What they do find offensive are ignorant and inappropriate comments about their birth country. “I’ve been called the granddaughter of a drug lord before,” admitted Arianna. “I was ready to smack that boy silly.”
Kristen has heard the same. “People make jokes about Colombia being a huge drug country and the drug lords. It’s very hurtful,” she said. “I even had an adult come up to me last year and ask me if I was from the area that made the drugs. I was very shocked a grown adult asked me this. It’s just very ignorant.”
Ambassadors for cultural education
But they also feel empowered to do something about it. “I want to raise awareness about all these stereotypes,” said Kristen. “Every country is beautiful in its own way. Colombia is gorgeous and has all these pretty mountains. People don’t know about it because they just think about the negative. But that isn’t what defines a country.”
Arianna, who wants to teach South American and Central American history, agreed. “People think it’s unsafe. But I still want to go back.”
Instead of rejecting a country for its unsavory attributes, Kristen and Arianna embrace their Colombian heritage.
“It’s fun to have an ethnicity to be proud of,” shared Kristen. “I love that I can tan easily, and people say we have the most beautiful hair! My friends back in high school never knew what they were. They were like, ‘I’m white.’ ‘Well what does that mean? Are you German? Are you Swedish?’ They wouldn’t know.”
Arianna summarized, “Everybody has a culture, but not everybody knows it.”
Opportunities for a future
Kristen describes what it means to appreciate her Colombian heritage and be grateful for the opportunities she has in the U.S. “I love that I can celebrate a culture that I know about, but I can be in Minnesota celebrating it rather than anywhere else. We have the best of both worlds being at college, getting a higher education that we might not have gotten if we were back in Colombia.”
Arianna added, “The opportunities [in Colombia] are much narrower than they are here. You look at what those children have, and some of them have absolutely nothing. Here we get a chance to grow.”
Though only a few months into their college education, they have dreams that involve their culture and each other. “I foresee mission trips and study abroad trips for both of us, maybe, hopefully together,” said Arianna.

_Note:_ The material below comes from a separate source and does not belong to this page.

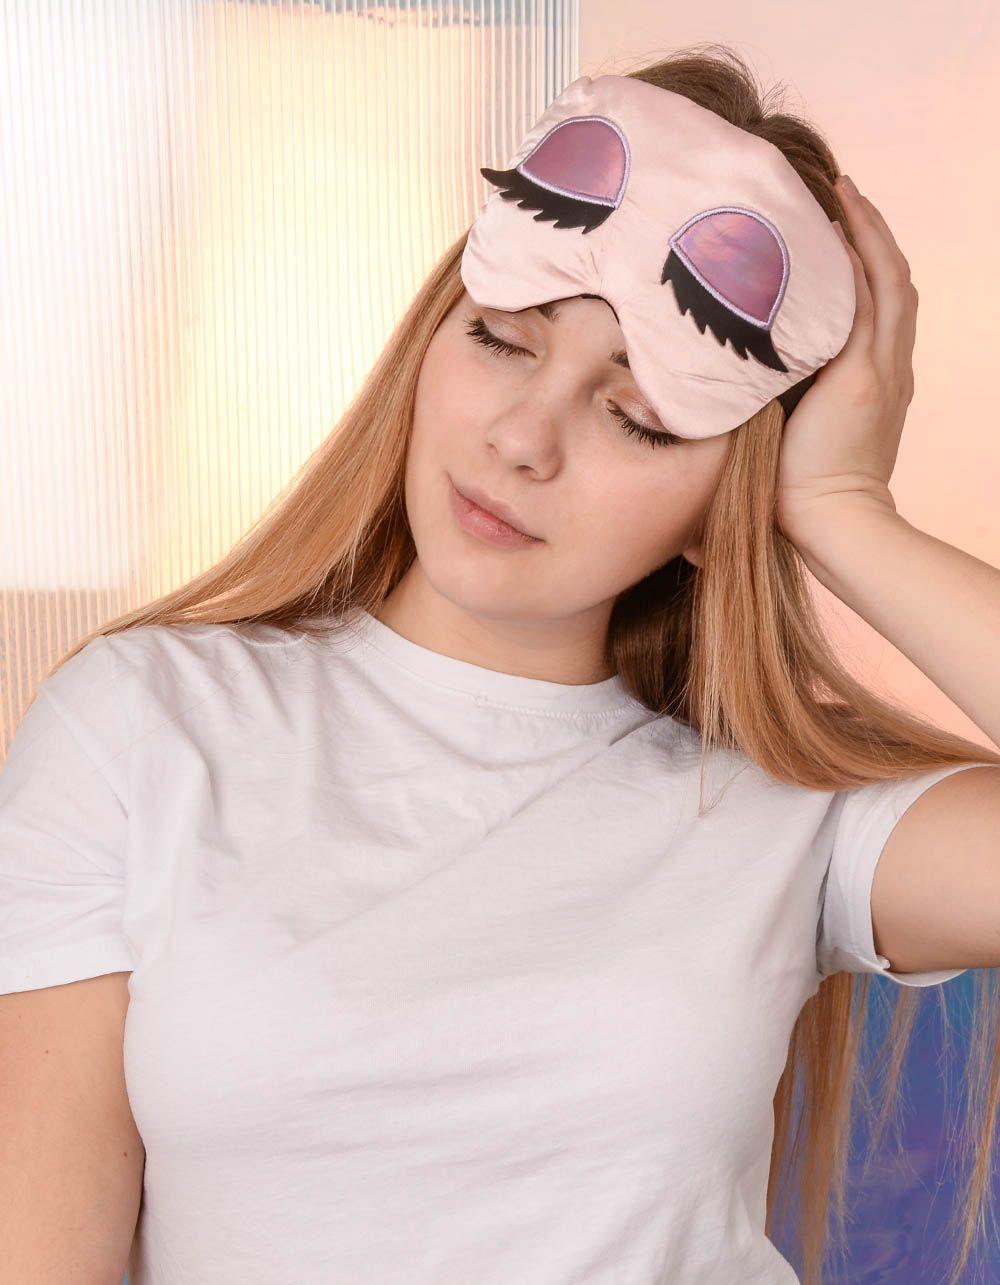 Пов'язка для сну з принтом очей | 239178-14-XX

Kristen, who studied abroad in Costa Rica in high school and stays in close contact with her host family, has a goal to return to that country and help the community. “I would love to go help out there and also Colombia, to make a difference in my birth country,” she said. “I want to help out with the orphanages. I’m hoping to do that through Spanish and whatever else I end up doing in my career.”
For now, Arianna and Kristen are adjusting to college life and thankful for the support of each other’s friendship.
“It’s just a great thing knowing that there’s someone else that knows what it’s like,” said Kristen. “I know that there’s someone that can relate.”
“I am so happy that I came to know [Kristen], and I am so glad that we connected,” said Arianna. “I really don’t think that I would have opened up as much if I didn’t have her here. By God’s grace it came to be.”
Arianna and Kristen aren’t the first students to make a global personal connection at Northwestern. At Multicultural Orientation three years ago, Bernice Fernandes ’13 and Miriam Navamanie ’13 found out they were born in the same hospital in Kenya.